The astonishing pravachan illustrated this insight fully when Sri Swamiji freely
invoked references to science and technology, folklore and legend, literature
and religion. We heard his voice replicate the words of Surdas, Kabir, Tagore
and Mahatma Gandhi, along with words from the Bible, Guru Granth Sahib and the
Koran. A series of gasps could be heard from the audience. How did this
sannyasin come to possess such endless knowledge was the stunned question that
I frequently heard.
As if
sensing this question, Sri Swamiji responded by saying that when knowledge
becomes intensely specialized, it breeds the ways of prescribed ignorance and
unrighteous arrogance. He did not begrudge specialized knowledge; in fact, at
times he extolled this as necessary for ethical and spiritual development.
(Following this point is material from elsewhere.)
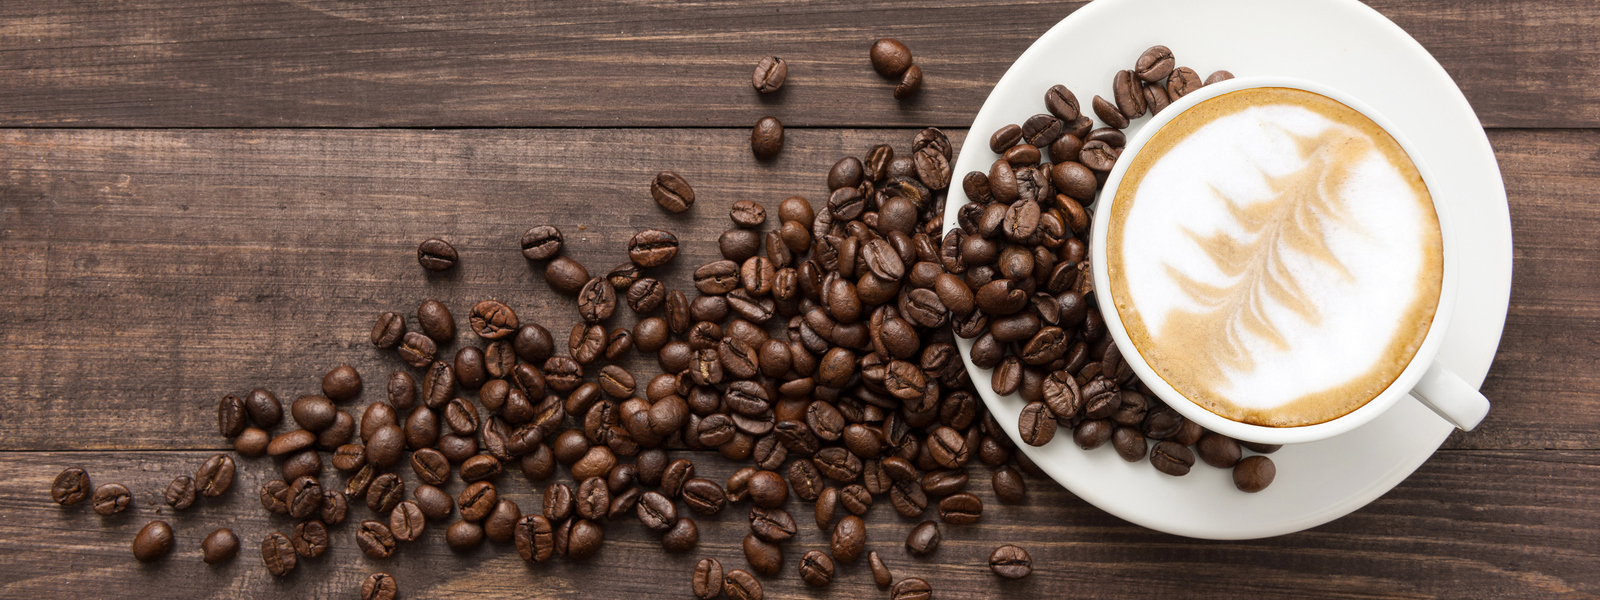 Tipy pro milovníky kávy: Jak připravit lahodnou kávu v pohodlí domova?
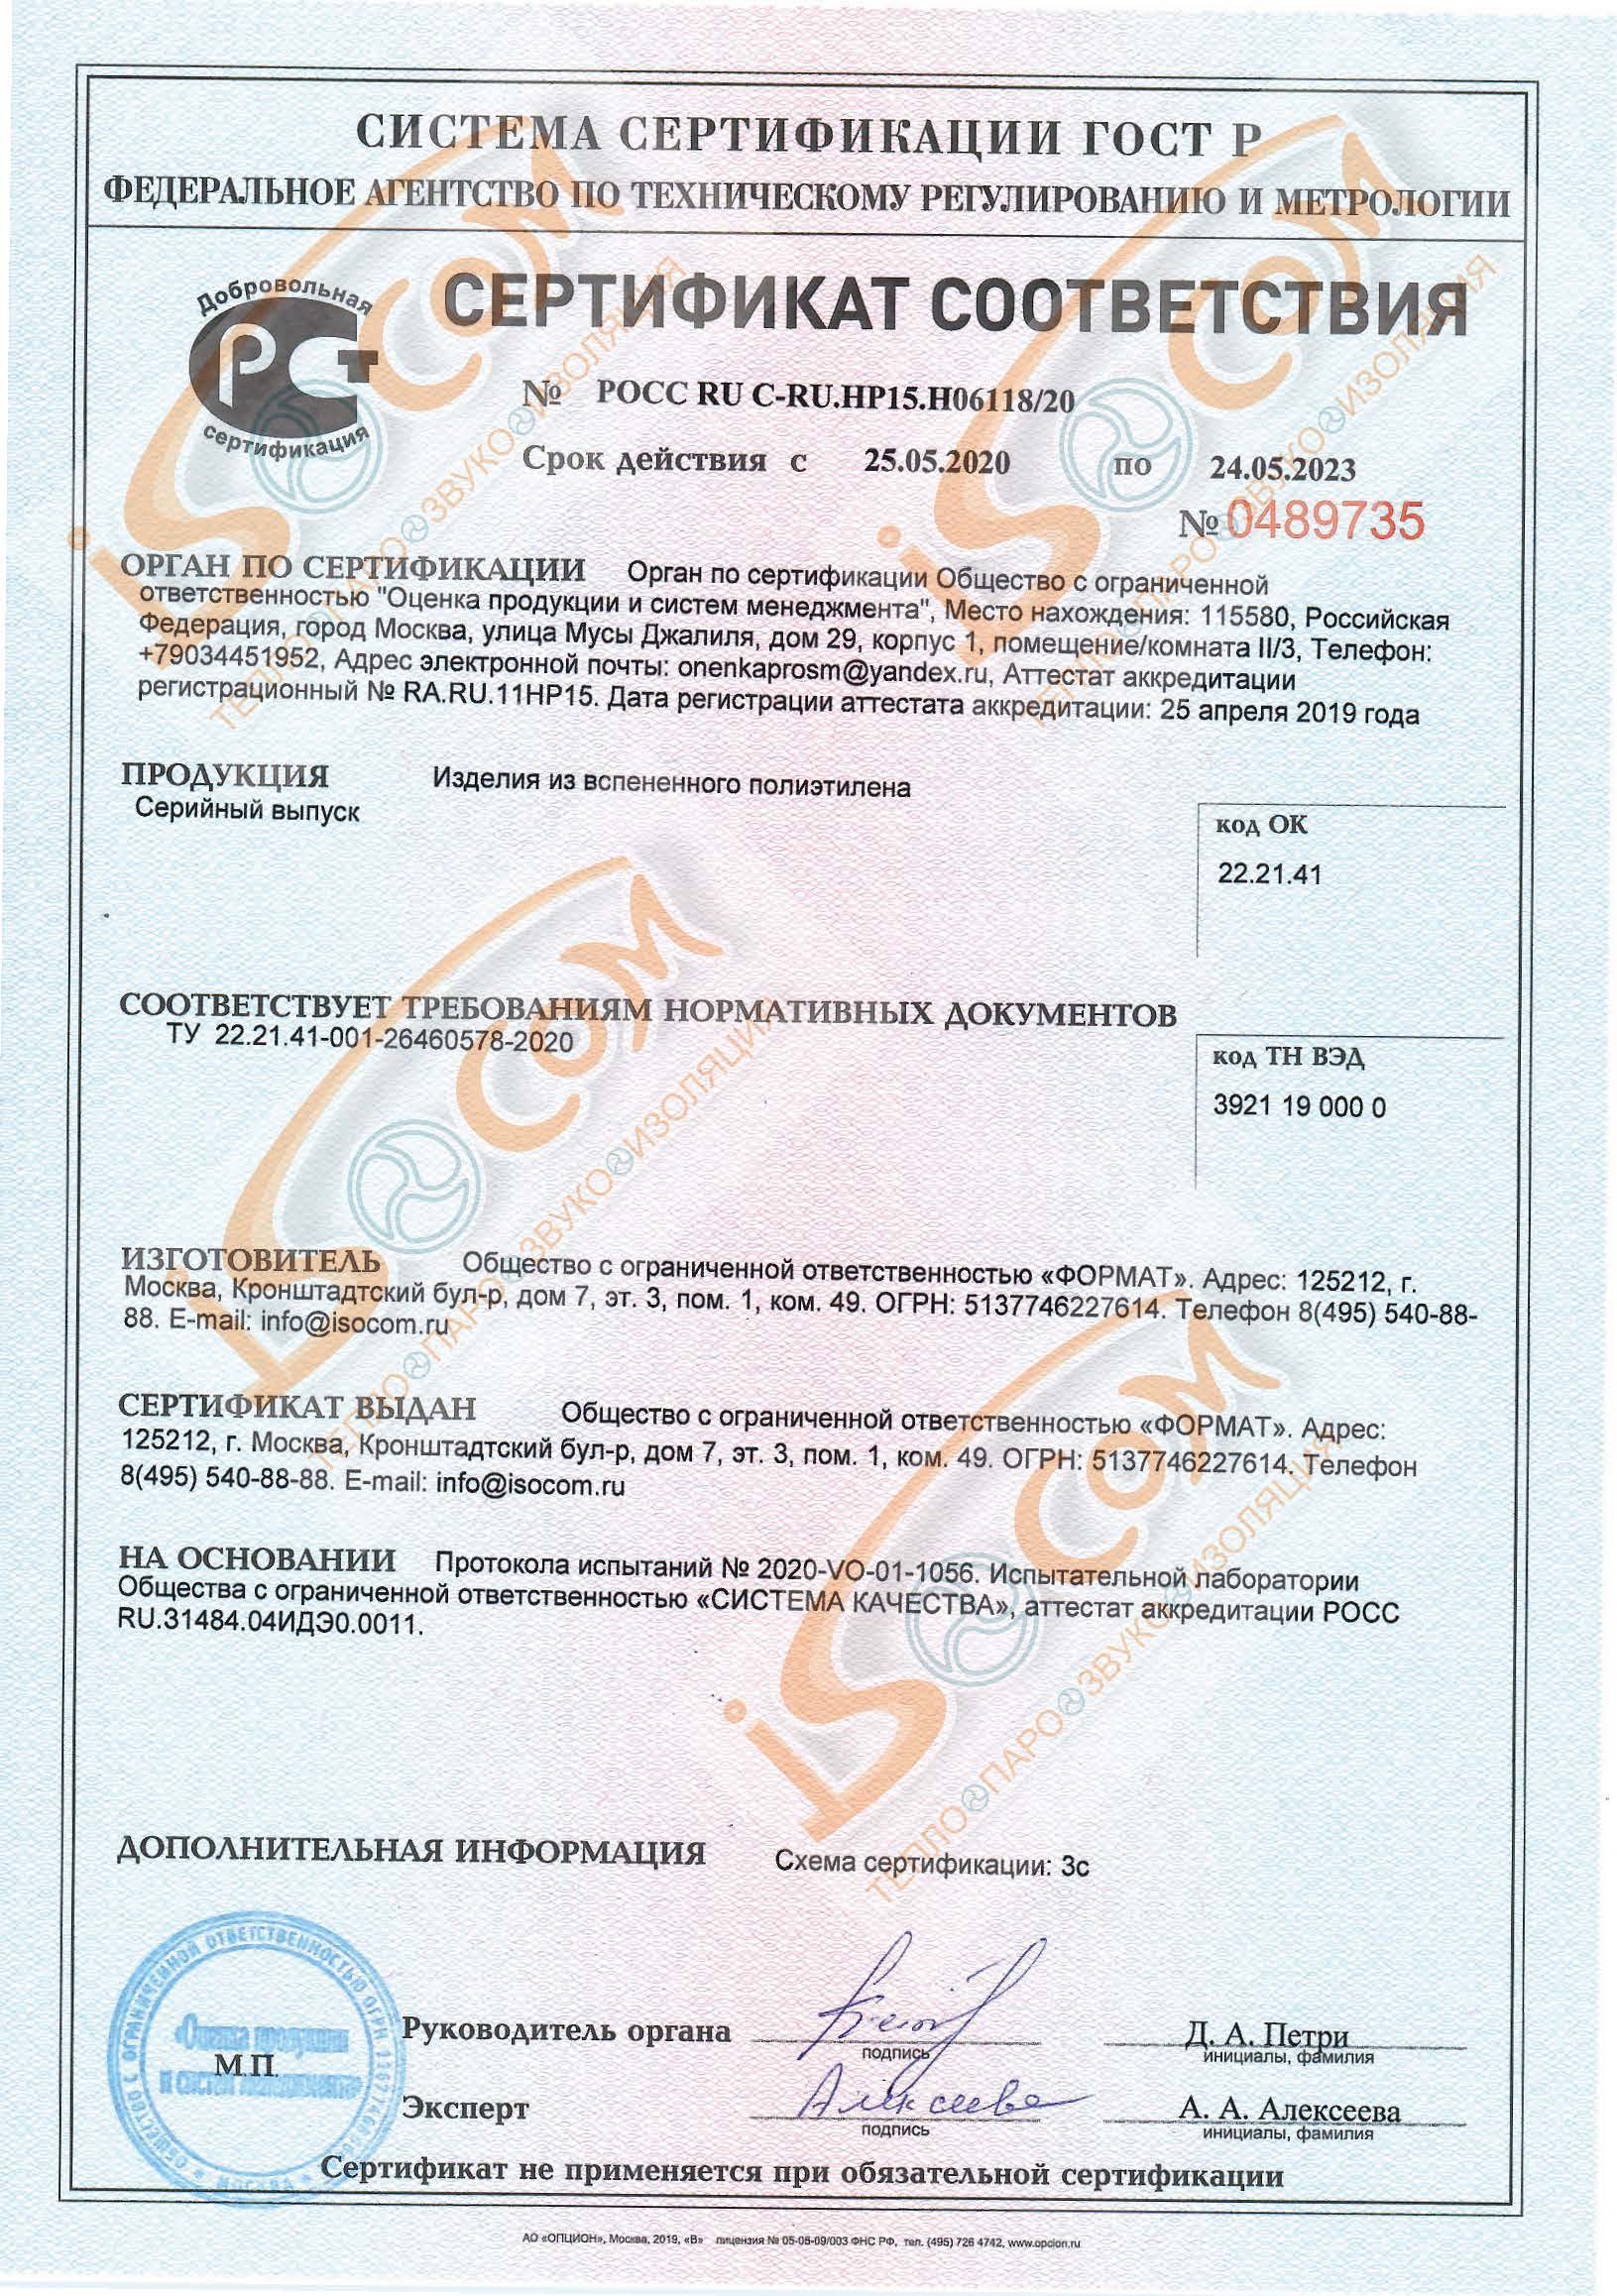 Сертификат - изделия из вспененного полипропилена по 24.05.2023.jpg

Still he appealed to the coequal need for respect for other kinds of knowledge.
Folklore, legends and epics embody millennial knowledge and ways of knowing.
One may choose to evaluate these, but such evaluation, he insisted, requires
self-immersion in these traditions of knowing. Criticizing them as unscientific
exemplifies rational folly or ‘foolish excellence’. Is not progress in
‘natural’ sciences, Sri Swamiji asked, marked by trial and error or, as Sir
Karl Popper once described this, by ‘conjectures and refutations’?
Popular
knowledge not based on university certifications or credentials does have a
right to exist, just as scientific enquiry has a right to bring these under the
microscope. Because knowledge and knowers are finite entities, arrogant
truth-claims everywhere undermine openness, understanding and tolerance which
always ought to animate the quest for knowing. In his pravachan, Sri Swamiji
insisted that what makes us all humans is the ‘clash of ideas’, outside which
humans become simply, even cruelly, ‘inhuman’. That something we call ‘human’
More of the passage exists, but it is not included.